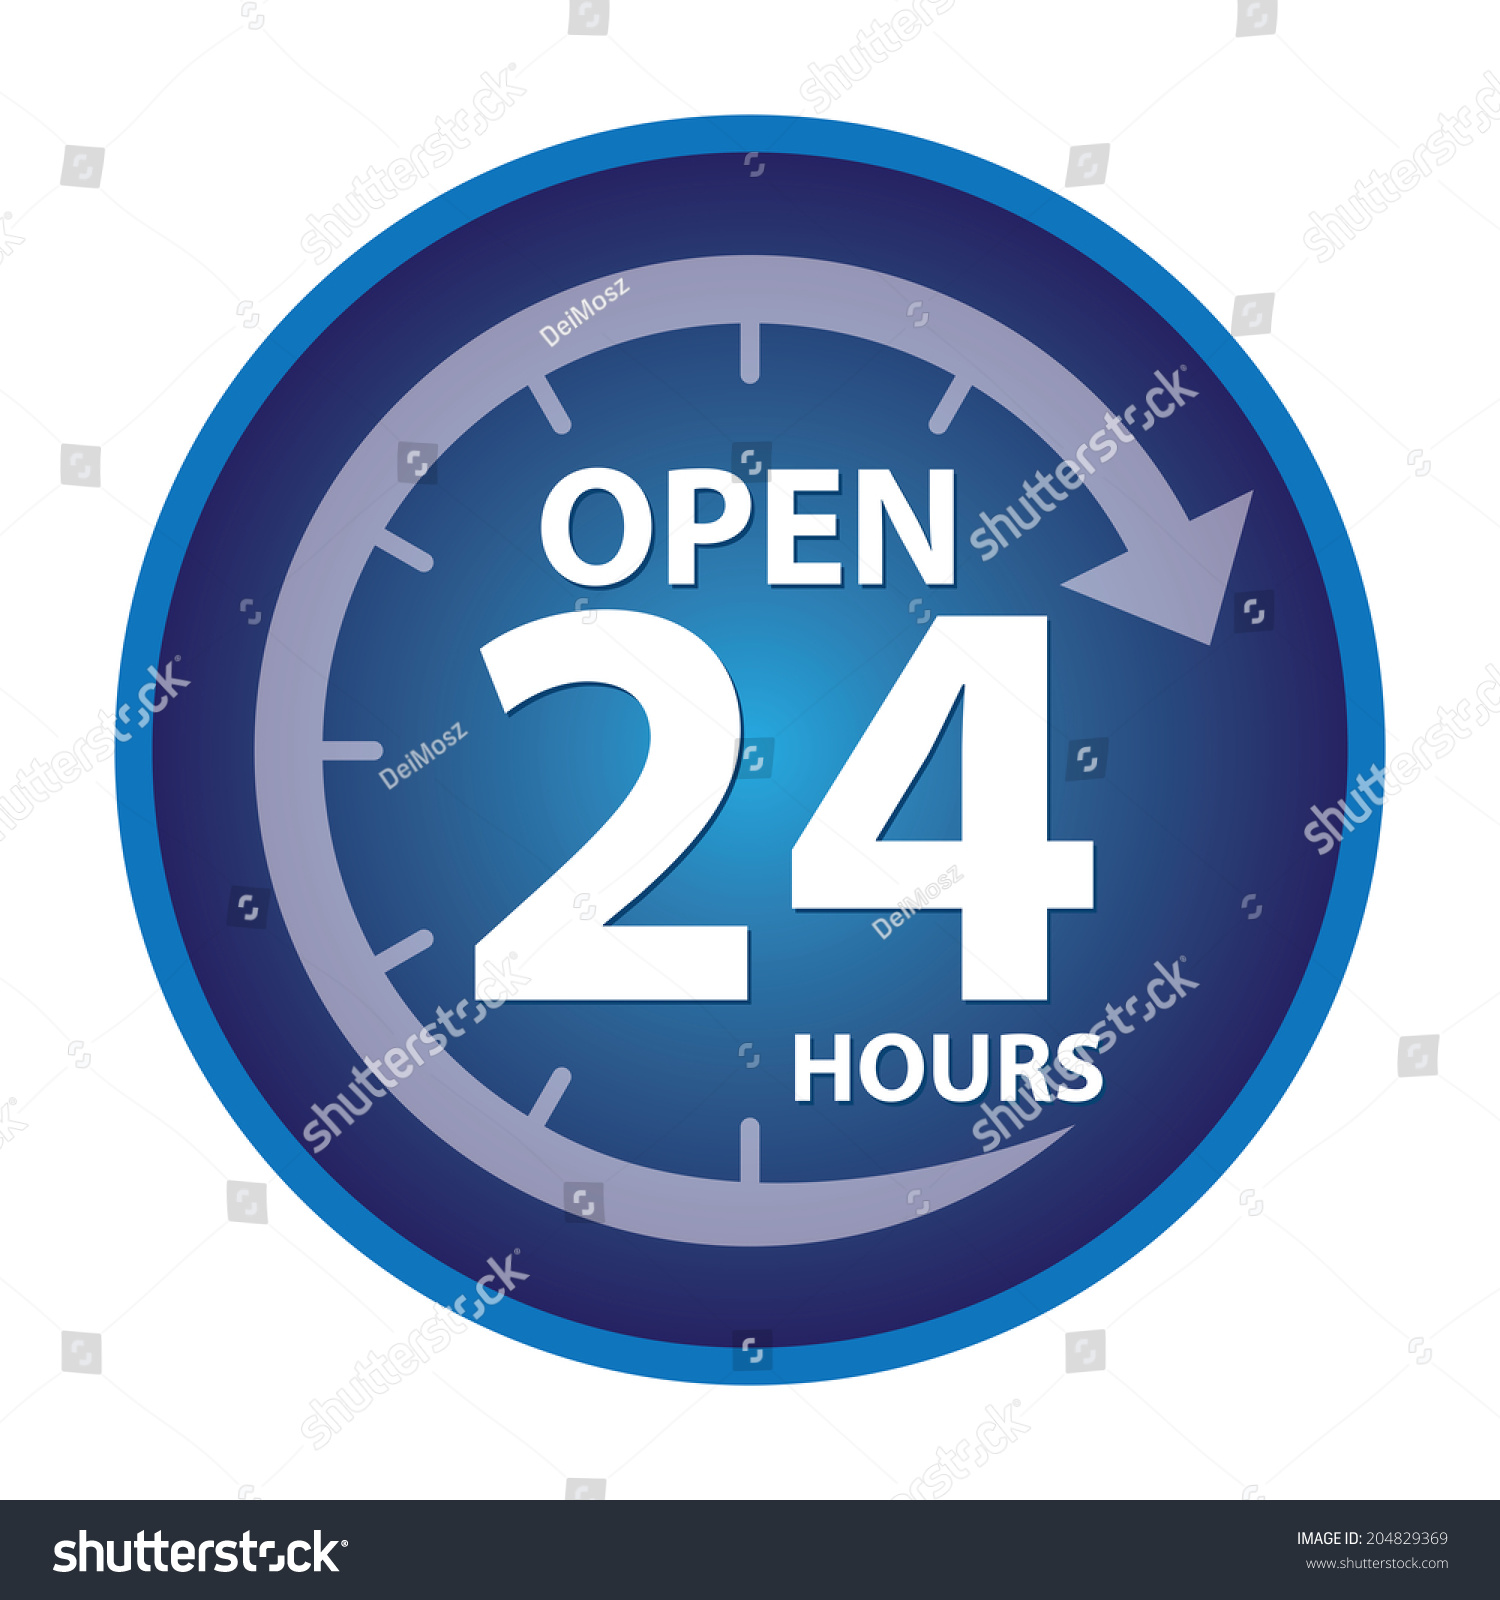 Открыть 24 опен. 24 Часа open. 24 Часа лого. Open 24/7. Open 24 hours.
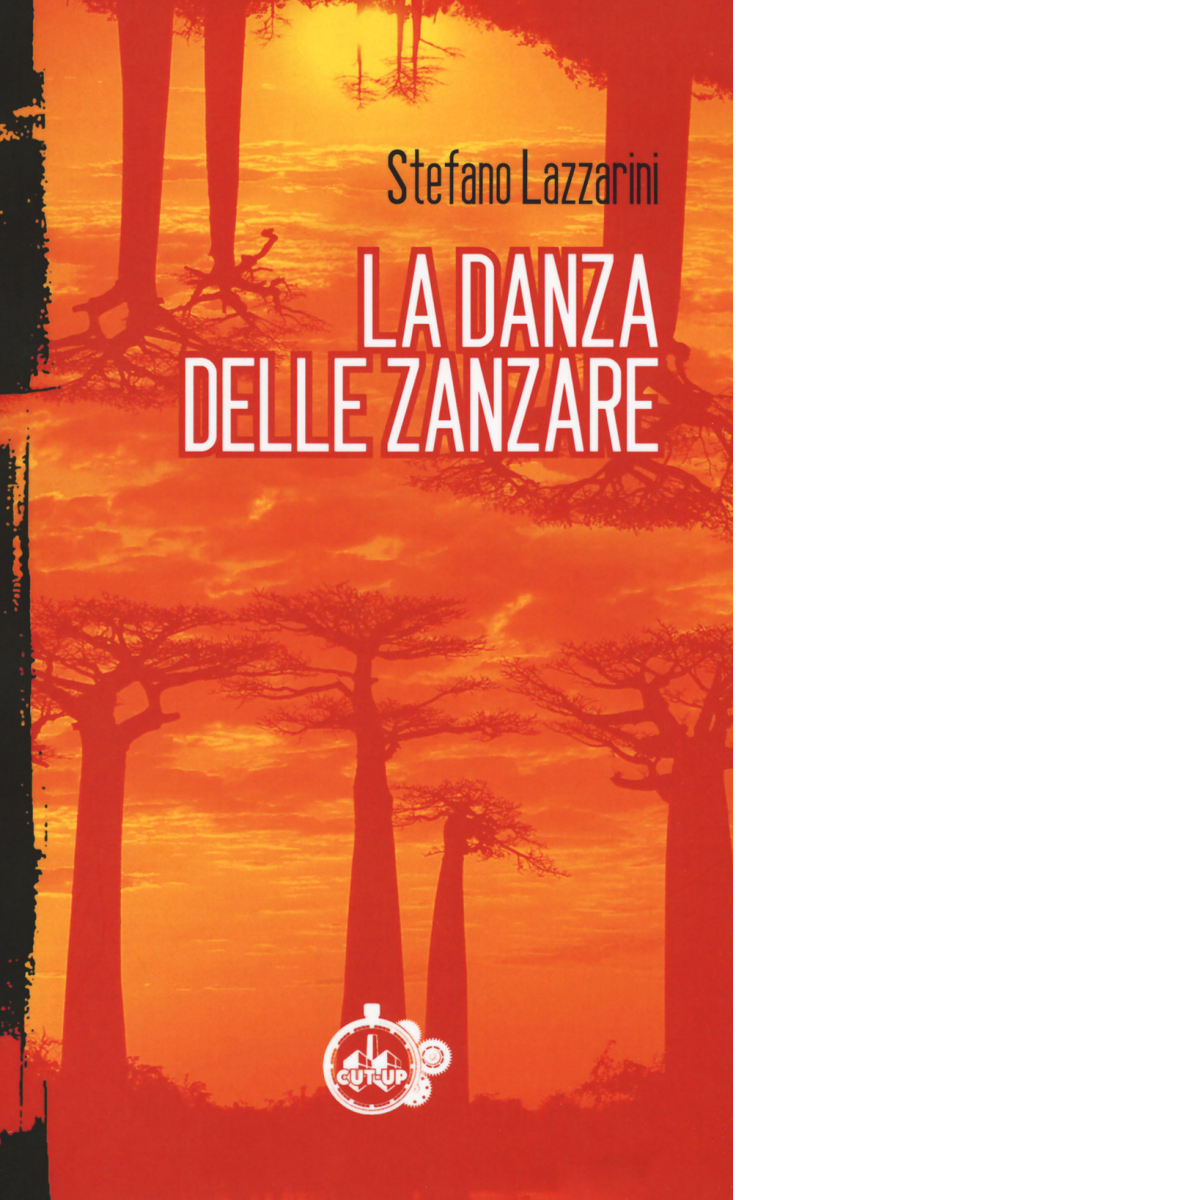 La danza delle zanzare di Stefano Lazzarini - Cut-up, 2018
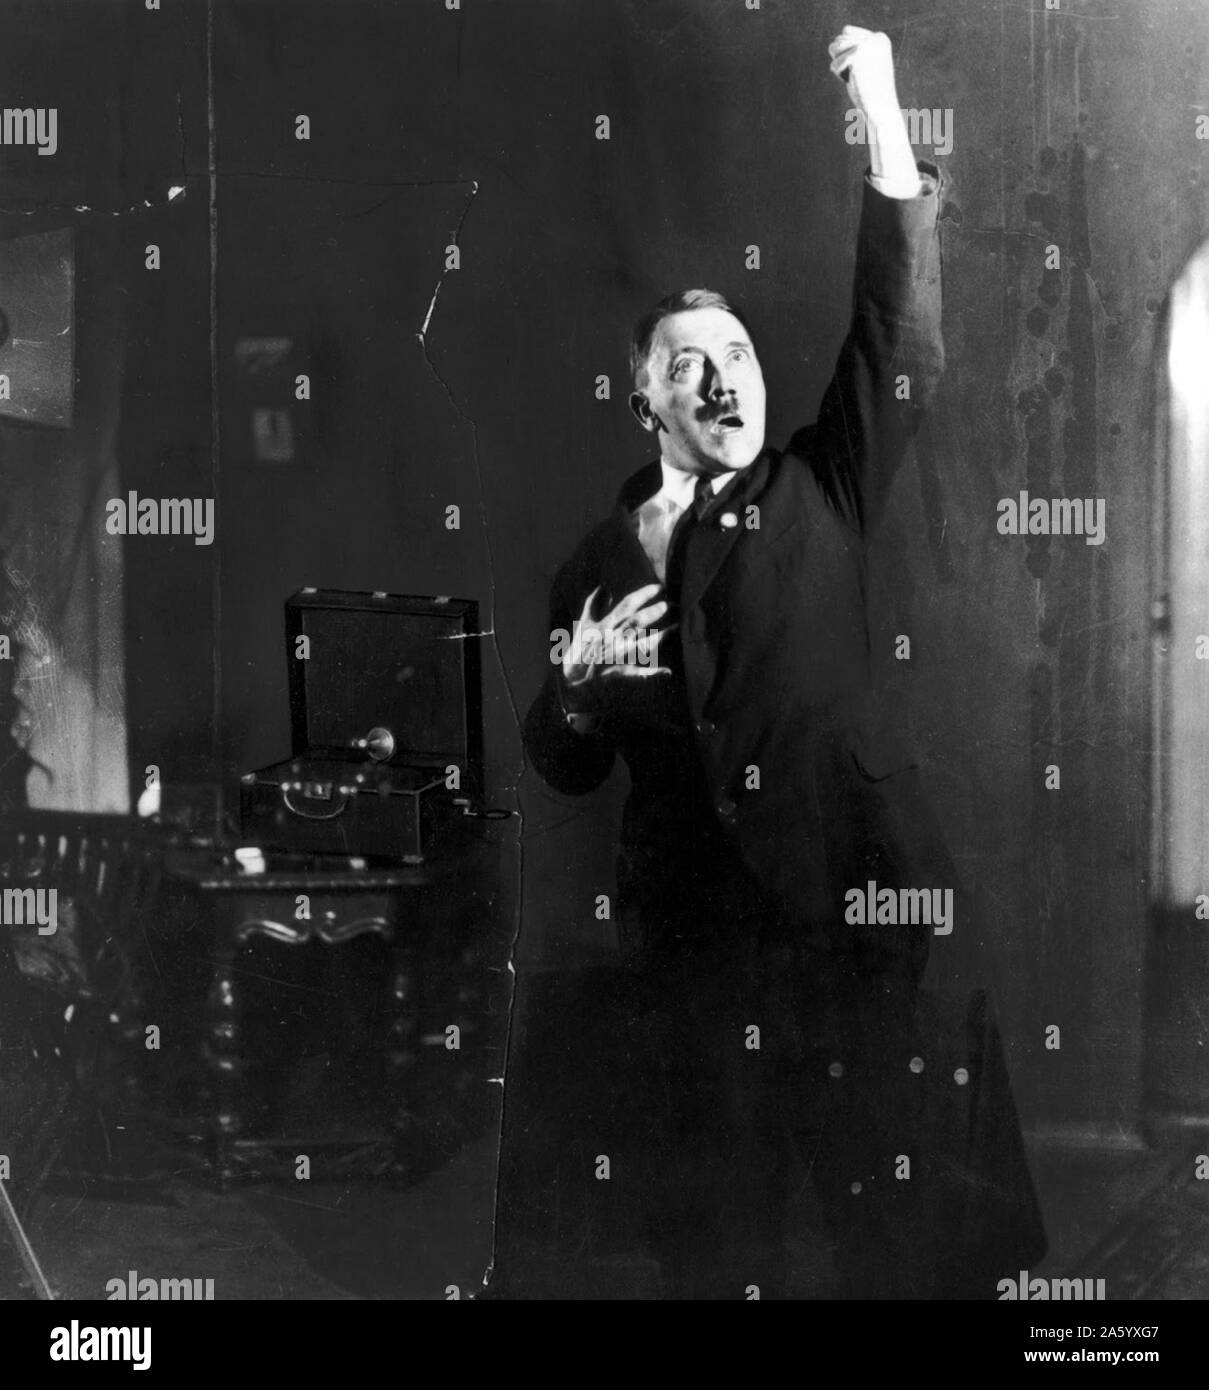 Deutschen Nazi-Führer Adolf Hitler (1889-1945) Österreich geborene deutsche Politiker, der Führer der NSDAP, eine Rede vor dem Spiegel geprobt wurde. Datiert 1933 Stockfoto

_ _ _ _ _

§ Instructions to follow
All of the material above is to be copied exactly, except for its images.

§ Written response
 Открыть 24 опен. 24 Часа open. 24 Часа лого. Open 24/7. Open 24 hours.
 La danza delle zanzare di Stefano Lazzarini - Cut-up, 2018
 Deutschen Nazi-Führer Adolf Hitler (1889-1945) Österreich geborene deutsche Politiker, der Führer der NSDAP, eine Rede vor dem Spiegel geprobt wurde. Datiert 1933 Stockfoto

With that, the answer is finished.